I don’t actually think the ride is a sparse as some suggest. Dark videos perhaps don’t show it well, but everything is pretty lush. A far cry from the literal dark emptiness of Dinosaur, for example. I’d like more critters, of course, but there should be something to look at the entire ride. Arguably more to look at for the first few minutes than the predecessor had.
Yeah if you consider foliage as something to look at.
It doesn’t have the same density of interesting details. Once Splash got rolling you were immersed in a world of big set pieces and tiny details all working together to tell the main story and flesh out a backstory all at once. I little bit of humor here, a little bit of scary there. The ability to capture your attention in new and interesting ways every time you got on another log.
The music just carrying you along for the journey always enhancing the emotions of the moment.

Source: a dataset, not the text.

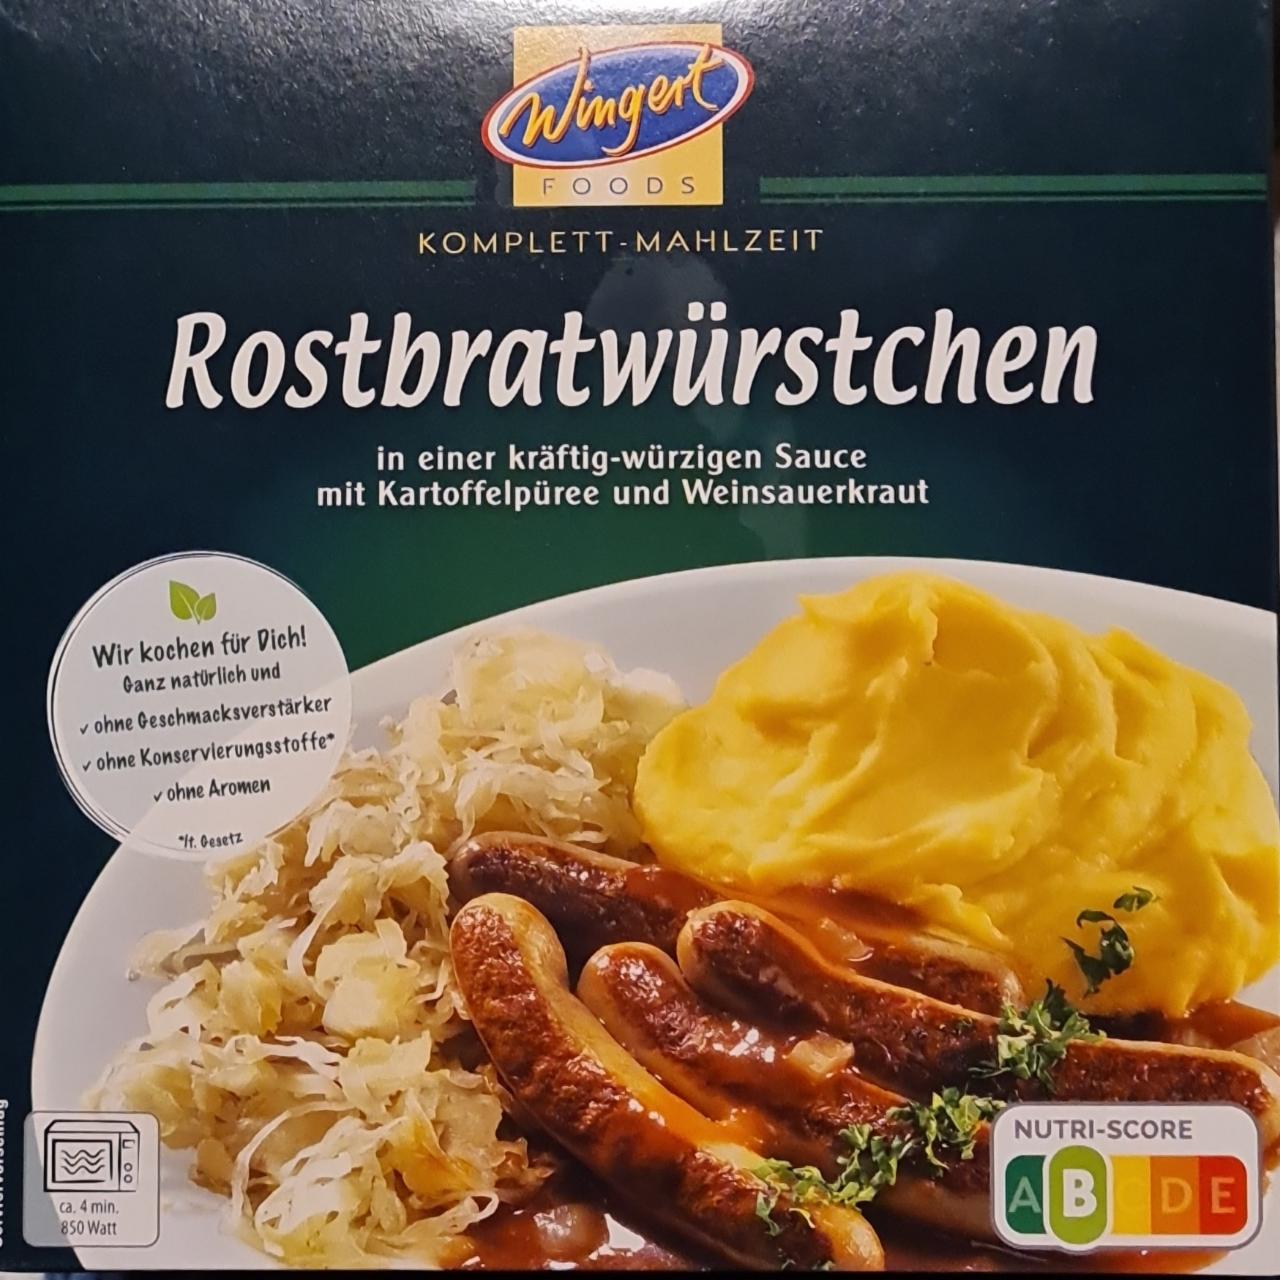 Fotografie - Rostbratwürstchen in Sauce mit Kartoffelpüree und Weinsauerkraut Wingert

Splash was an artistic masterpiece. Simple yet complex, whimsical yet scary. When you were inside that log there was no place on Earth you would rather be.
I always looked at Splash as culmination of all that Imagineering had learned over time manifested into a single attraction.
If I had to explain to someone what the “Magic” of Disney was without words, I would simply have taken them on Splash.
It should have stood forever in the Magic Kingdom as a shining example to all generations as to what the soul of the Walt Disney company is made of.
Imagination, ingenuity, storytelling and magic.
That has been lost now.
Its replacement might have fancy animatronics and cool lighting packages, but it has no soul.
We have lost the crown jewel of the Magic Kingdom and I am immensely saddened by that.